== Available data ==
———
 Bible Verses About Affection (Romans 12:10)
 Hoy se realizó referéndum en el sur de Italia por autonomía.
———
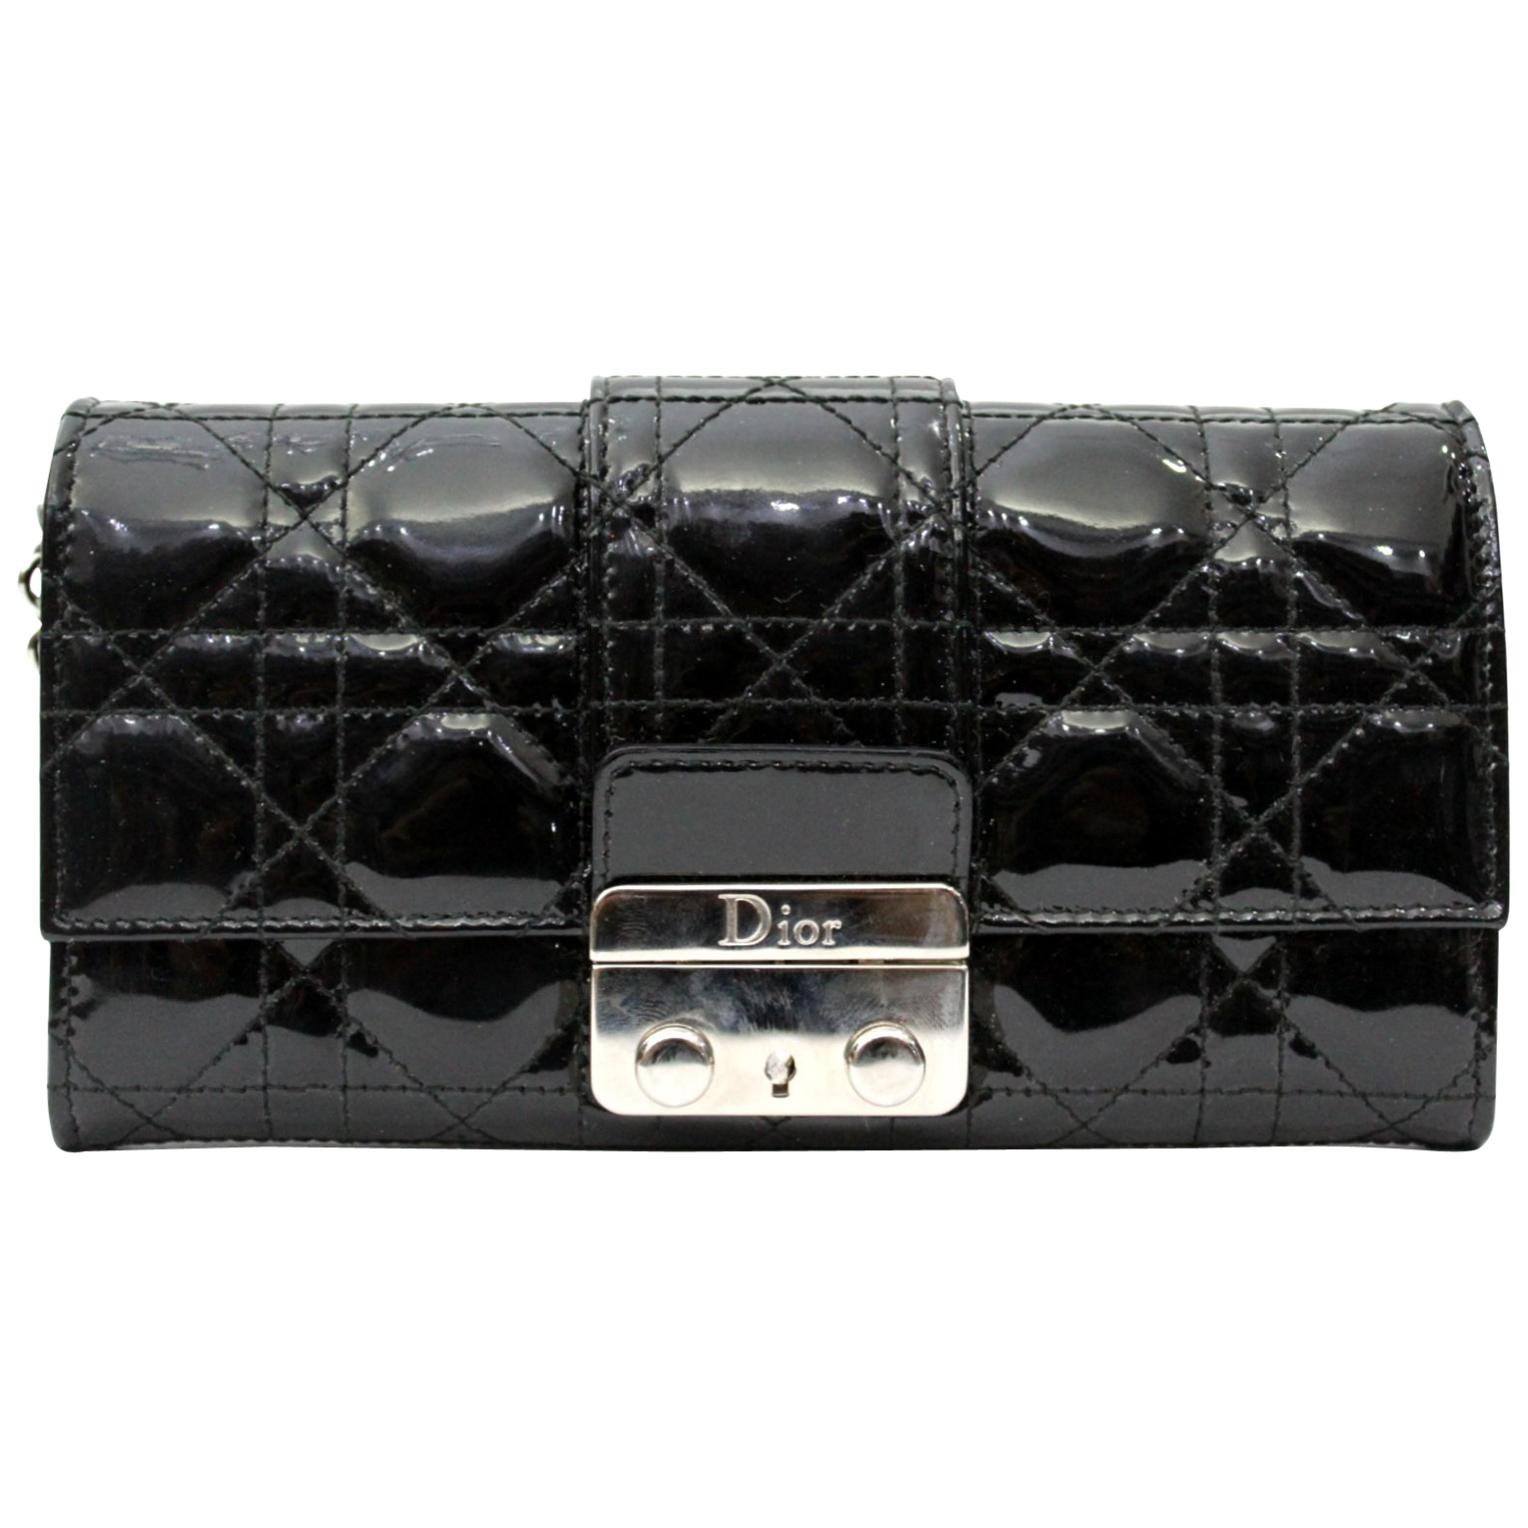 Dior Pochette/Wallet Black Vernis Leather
———
In the listing above, find the line with "Bible Verses About Affection (Romans 12:10)" and the line with "Hoy se realizó", then reproduce both and every line between them exactly.

== Task answer ==
 Bible Verses About Affection (Romans 12:10)
 Hoy se realizó referéndum en el sur de Italia por autonomía.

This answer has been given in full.